Compared with 2D MRI, 3D MRI provides superior volumetric spatial resolution and signal-to-noise ratio. However, it is more challenging to reconstruct 3D MRI images. Current methods are mainly based on convolutional neural networks (CNN) with small kernels, which are difficult to scale up to have sufficient fitting power for 3D MRI reconstruction due to the large image size and GPU memory constraint. Furthermore, MRI reconstruction is a deconvolution problem, which demands long-distance information that is difficult to capture by CNNs with small convolution kernels. The multi-layer perceptron (MLP) can model such long-distance information, but it requires a fixed input size. In this paper, we proposed Recon3DMLP, a hybrid of CNN modules with small kernels for low-frequency reconstruction and adaptive MLP (dMLP) modules with large kernels to boost the high-frequency reconstruction, for 3D MRI reconstruction. We further utilized the circular shift operation based on MRI physics such that dMLP accepts arbitrary image size and can extract global information from the entire FOV. We also propose a GPU memory efficient data fidelity module that can reduce $>$50$\%$ memory. We compared Recon3DMLP with other CNN-based models on a high-resolution (HR) 3D MRI dataset. Recon3DMLP improves HR 3D reconstruction and outperforms several existing CNN-based models under similar GPU memory consumption, which demonstrates that Recon3DMLP is a practical solution for HR 3D MRI reconstruction.

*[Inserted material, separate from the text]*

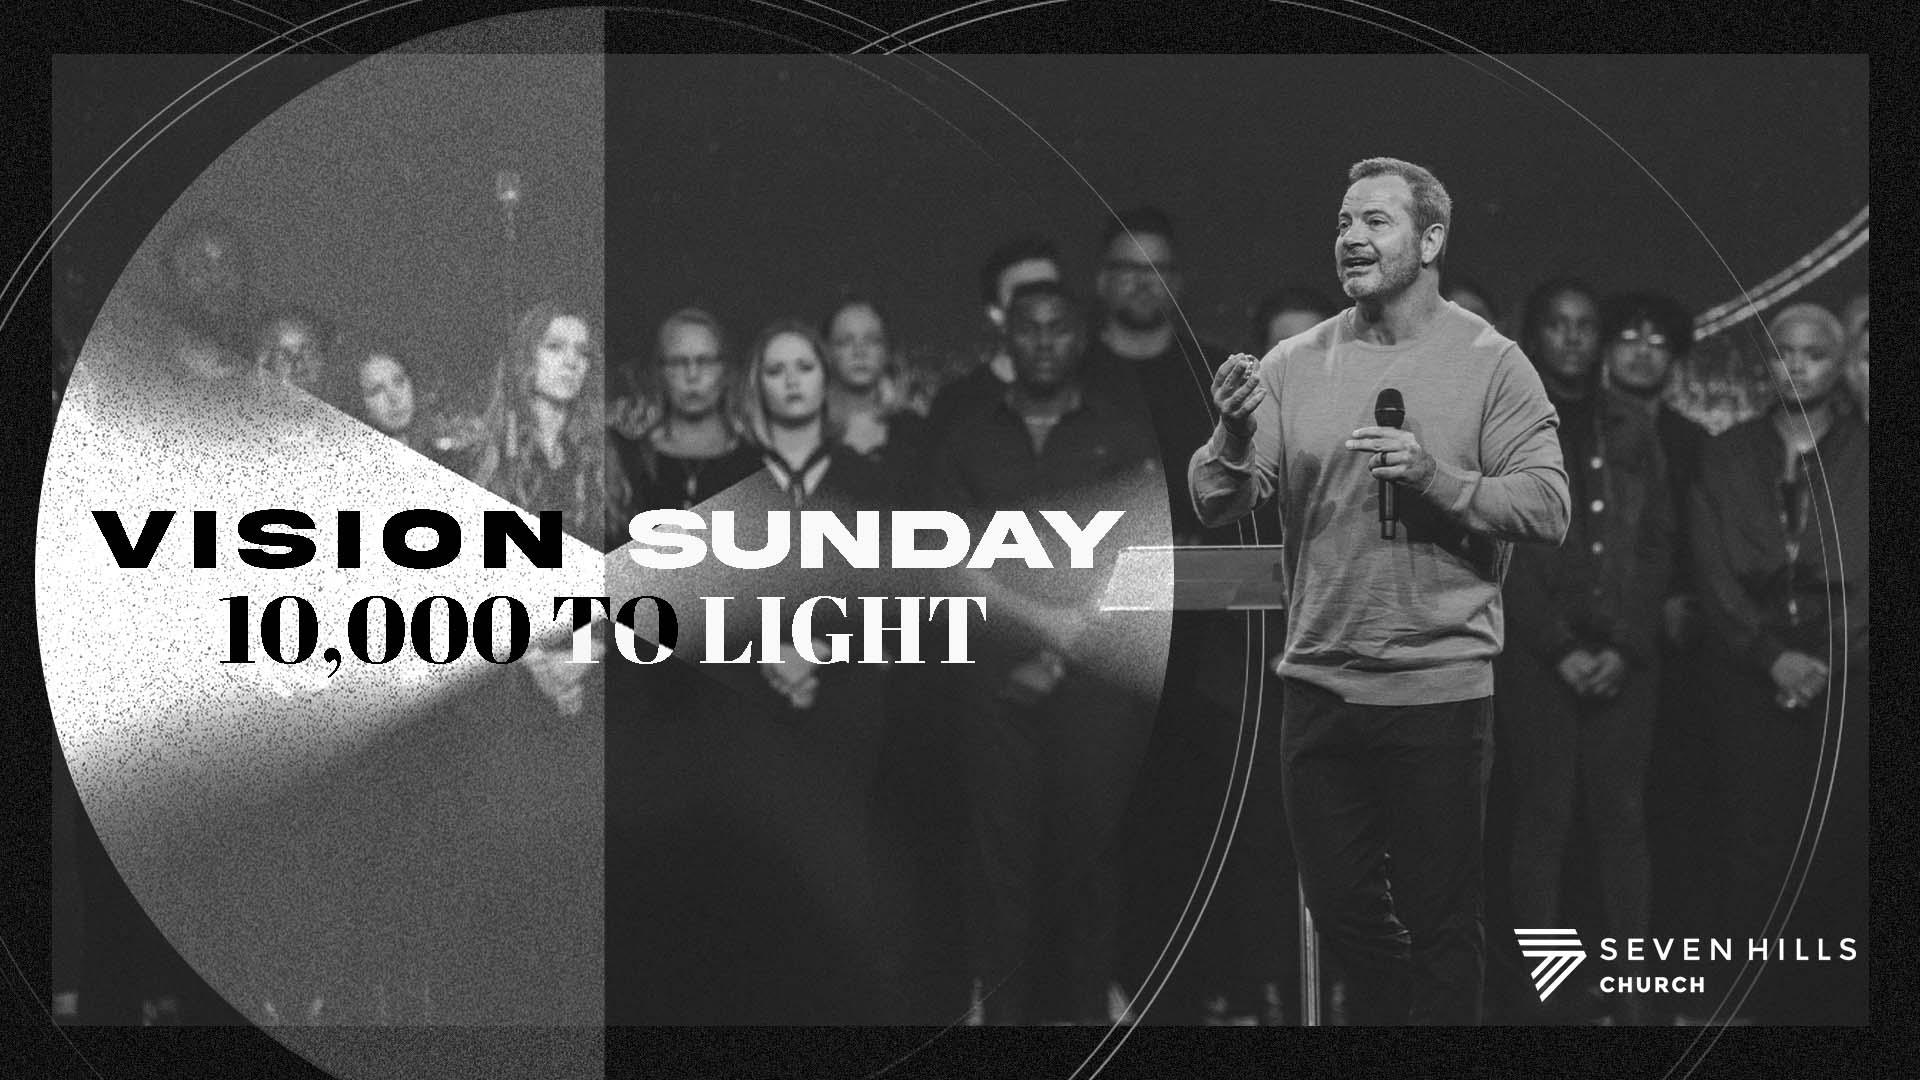 Vision Sunday 10,000 to Light

翻译：与2D MRI相比，3D MRI具有优越的体积空间分辨率和信噪比。然而，重建3D MRI图像更具挑战性。当前方法主要基于小核卷积神经网络（CNN），但由于图像尺寸大和GPU内存限制，这些网络难以扩展至具有足够拟合能力的规模用于3D MRI重建。此外，MRI重建是一个反卷积问题，需要长距离信息，而小卷积核的CNN难以捕获这类信息。多层感知机（MLP）能够建模长距离信息，但其需要固定的输入尺寸。本文提出Recon3DMLP，一种混合架构——结合用于低频重建的小核CNN模块和用于提升高频重建的大核自适应MLP（dMLP）模块——用于3D MRI重建。我们进一步利用基于MRI物理的循环移位操作，使dMLP能够接受任意图像尺寸，并从整个视野中提取全局信息。我们还提出一个节省GPU内存的数据保真模块，可减少超过50%的内存占用。我们在高分辨率（HR）3D MRI数据集上比较了Recon3DMLP与其他基于CNN的模型。在相似GPU内存消耗下，Recon3DMLP提升了HR 3D重建效果，并优于多个现有基于CNN的模型，这表明Recon3DMLP是HR 3D MRI重建的实用解决方案。